-- Exercise description --
In duplicating the lines below, keep every word unchanged and drop the pictures.

-- The data --
*** Block opens ***

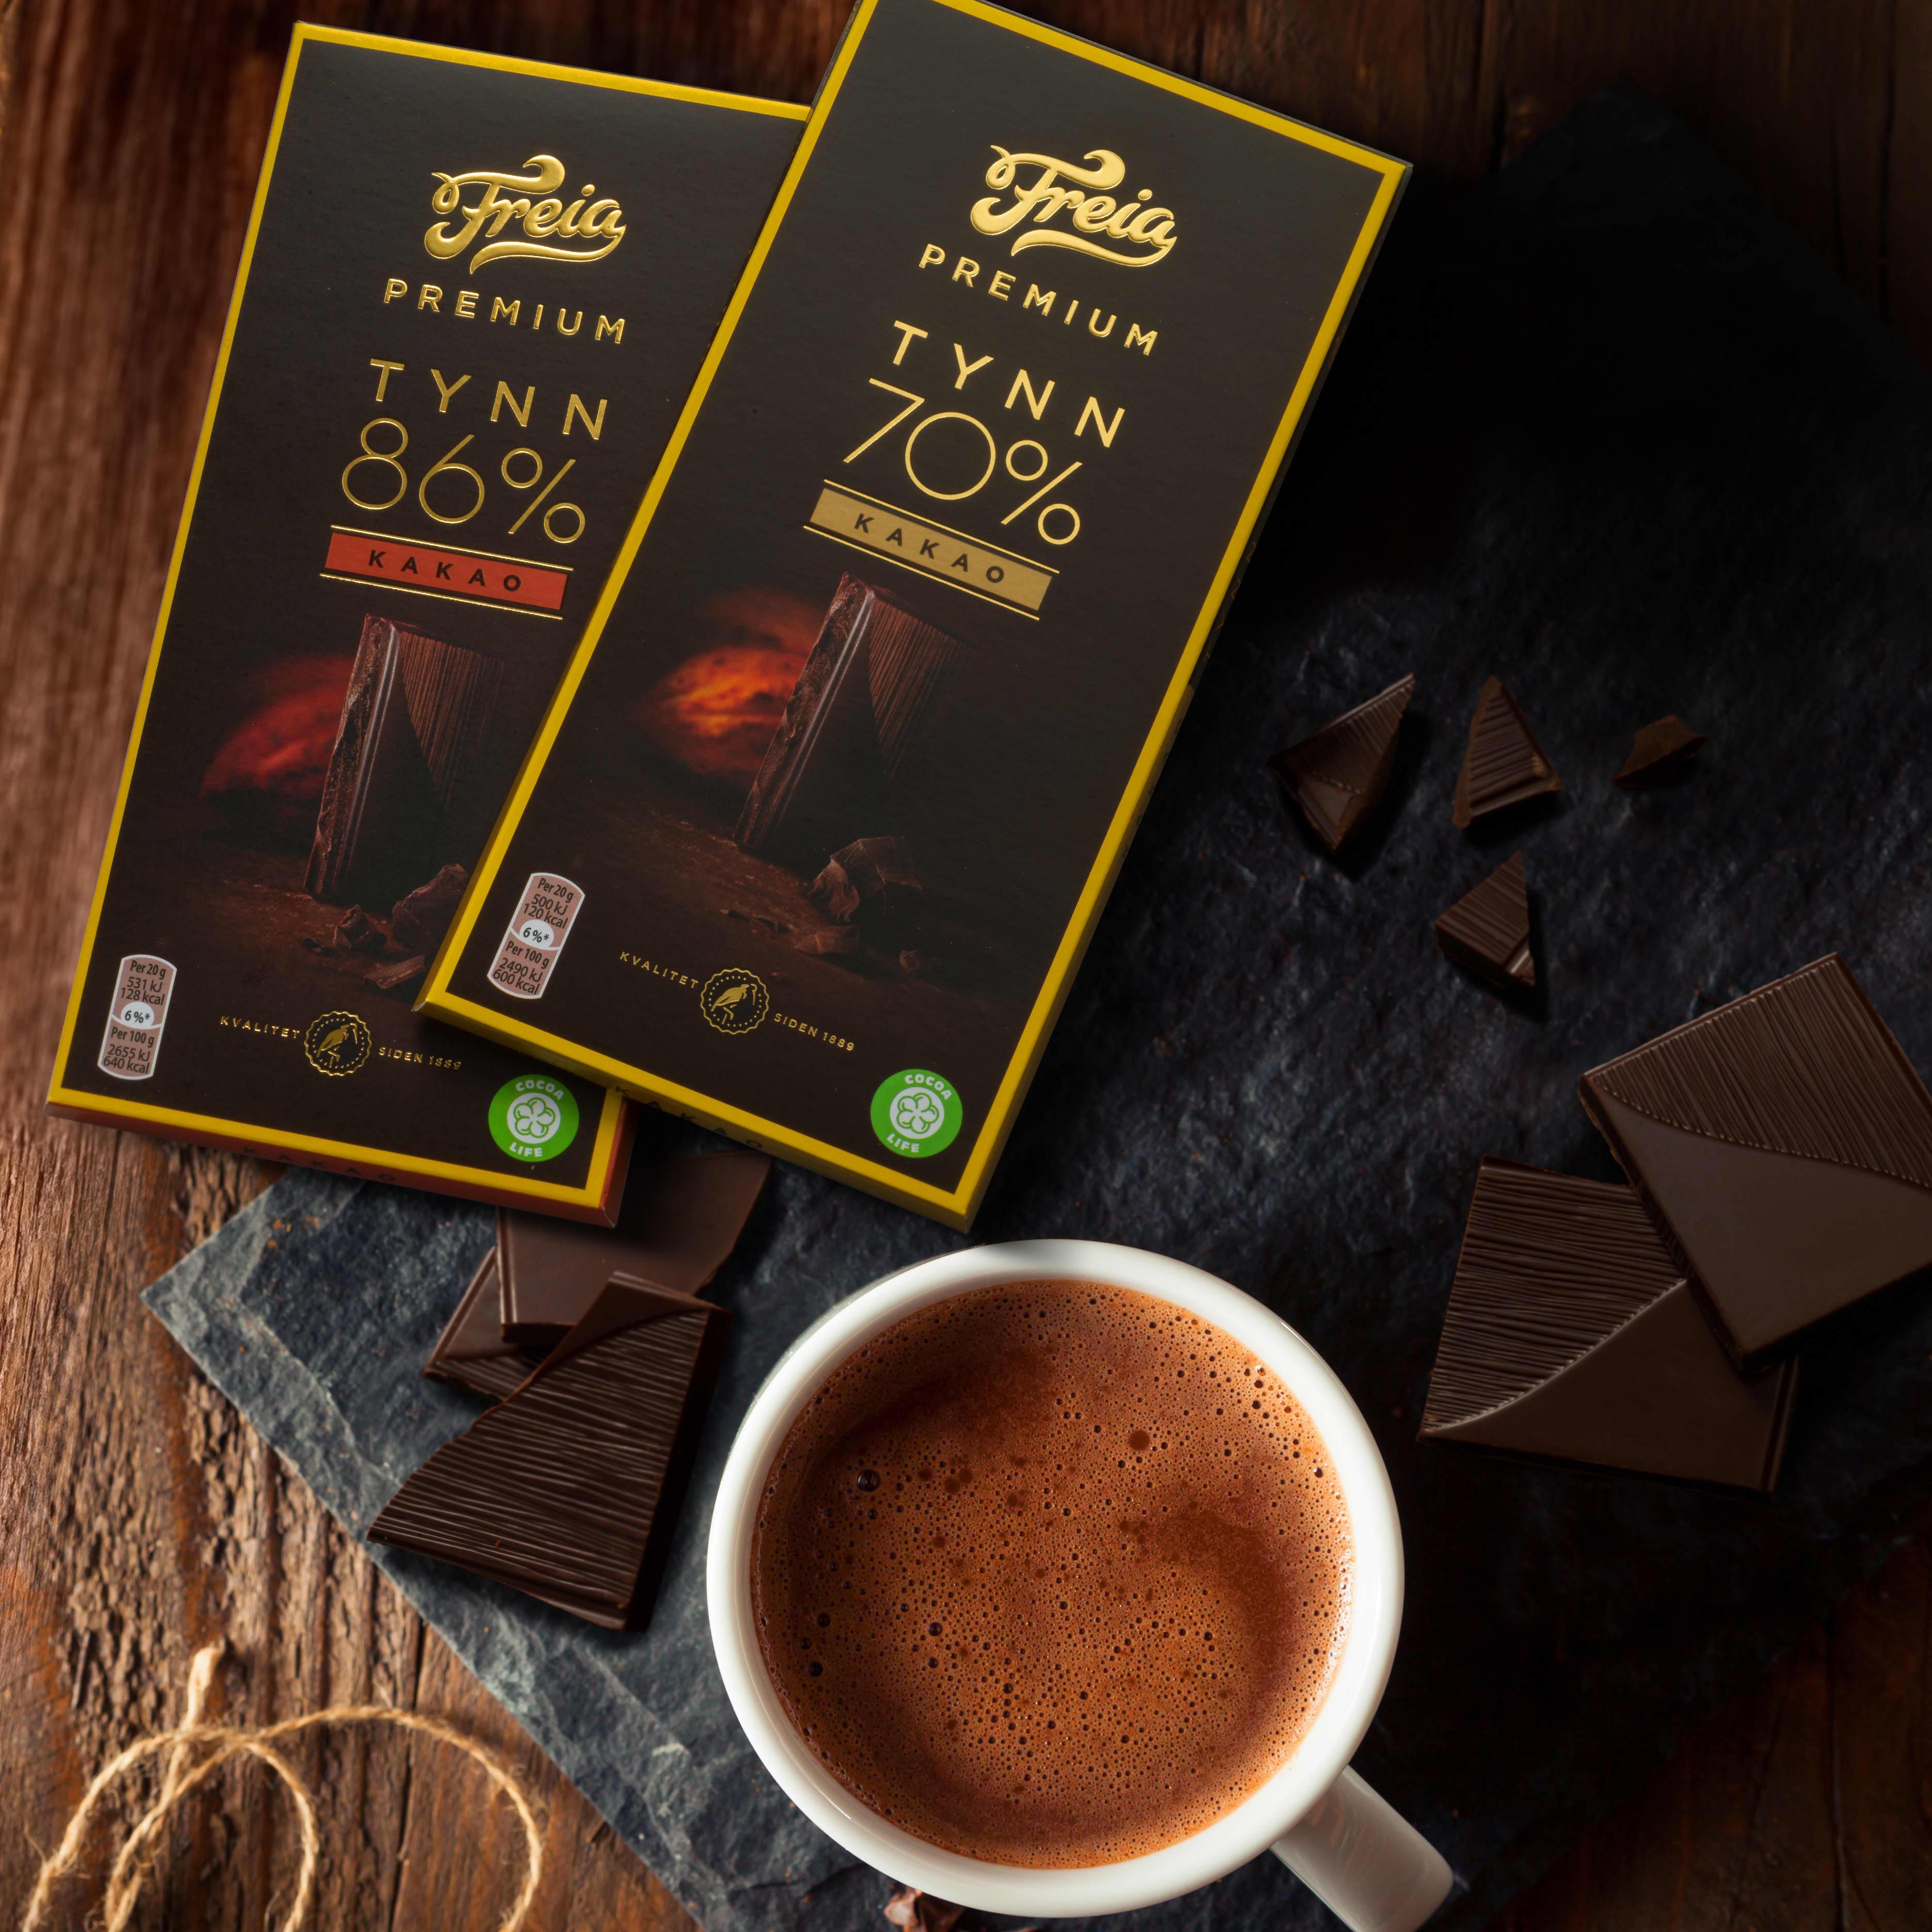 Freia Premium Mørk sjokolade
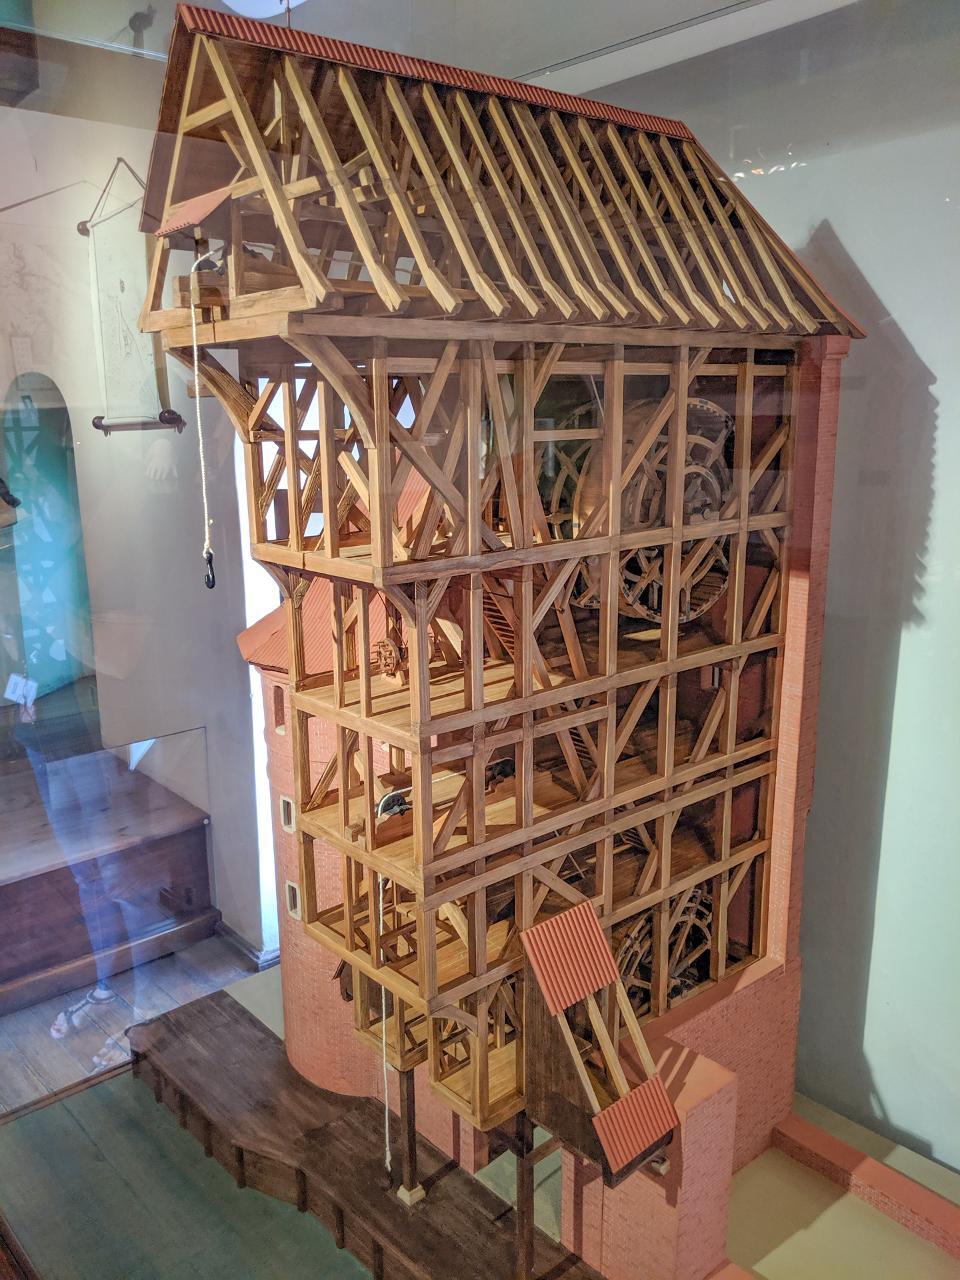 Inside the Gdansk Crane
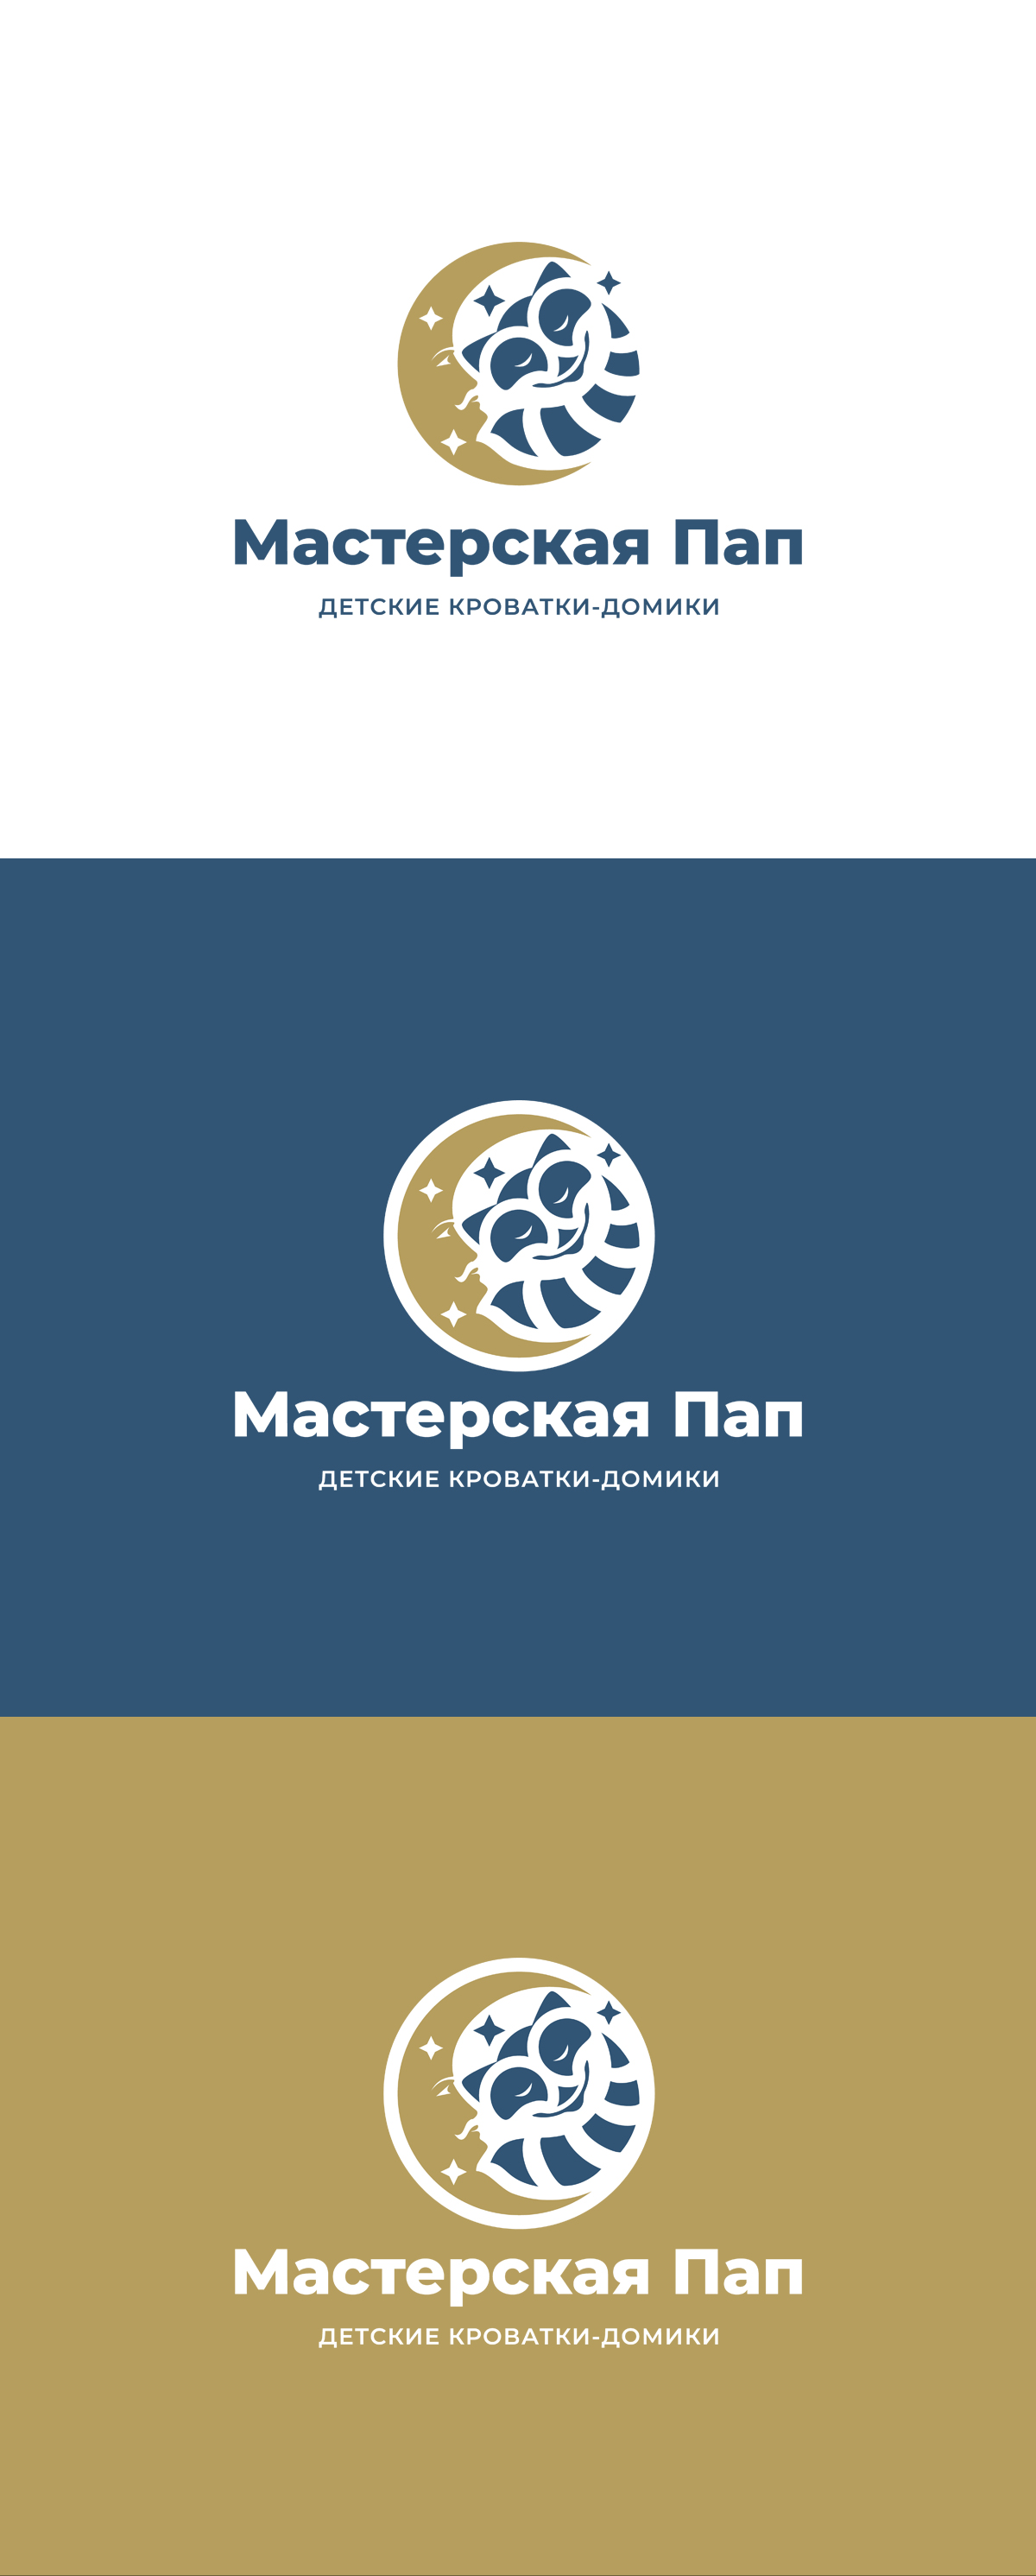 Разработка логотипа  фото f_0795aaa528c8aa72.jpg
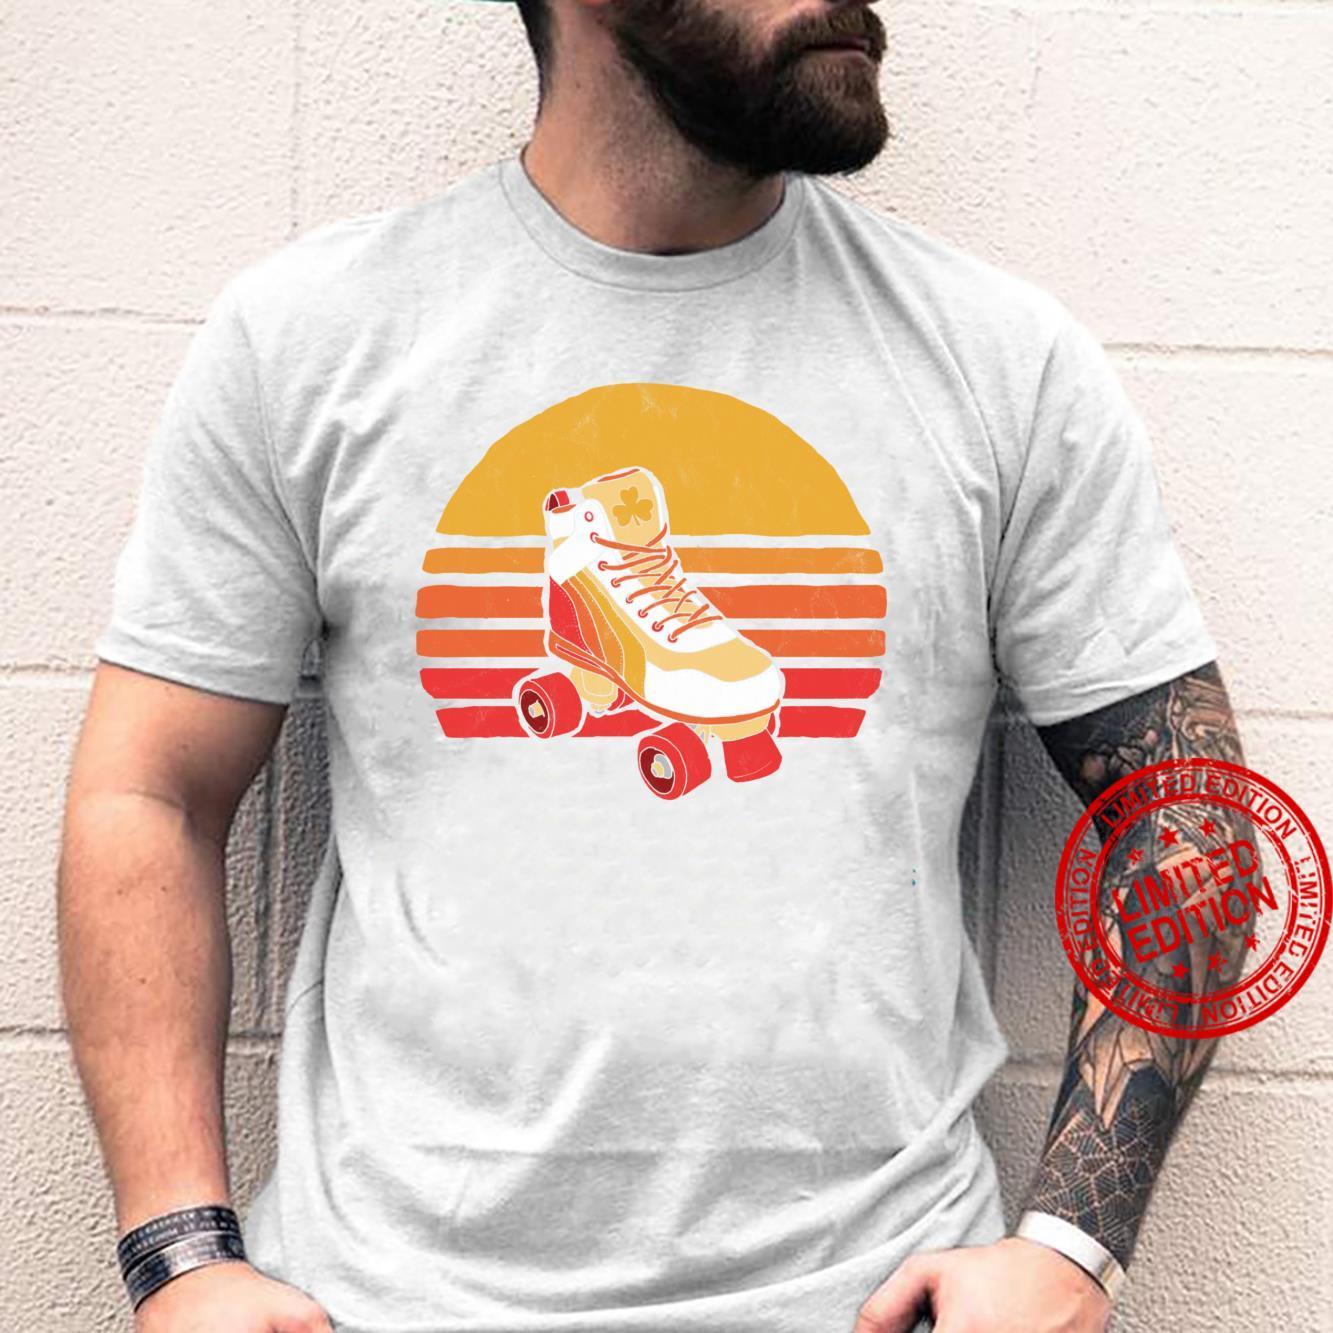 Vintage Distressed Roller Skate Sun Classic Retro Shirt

*** Block closes ***

-- Solution below --
 Freia Premium Mørk sjokolade
 Inside the Gdansk Crane
 Разработка логотипа  фото f_0795aaa528c8aa72.jpg
 Vintage Distressed Roller Skate Sun Classic Retro Shirt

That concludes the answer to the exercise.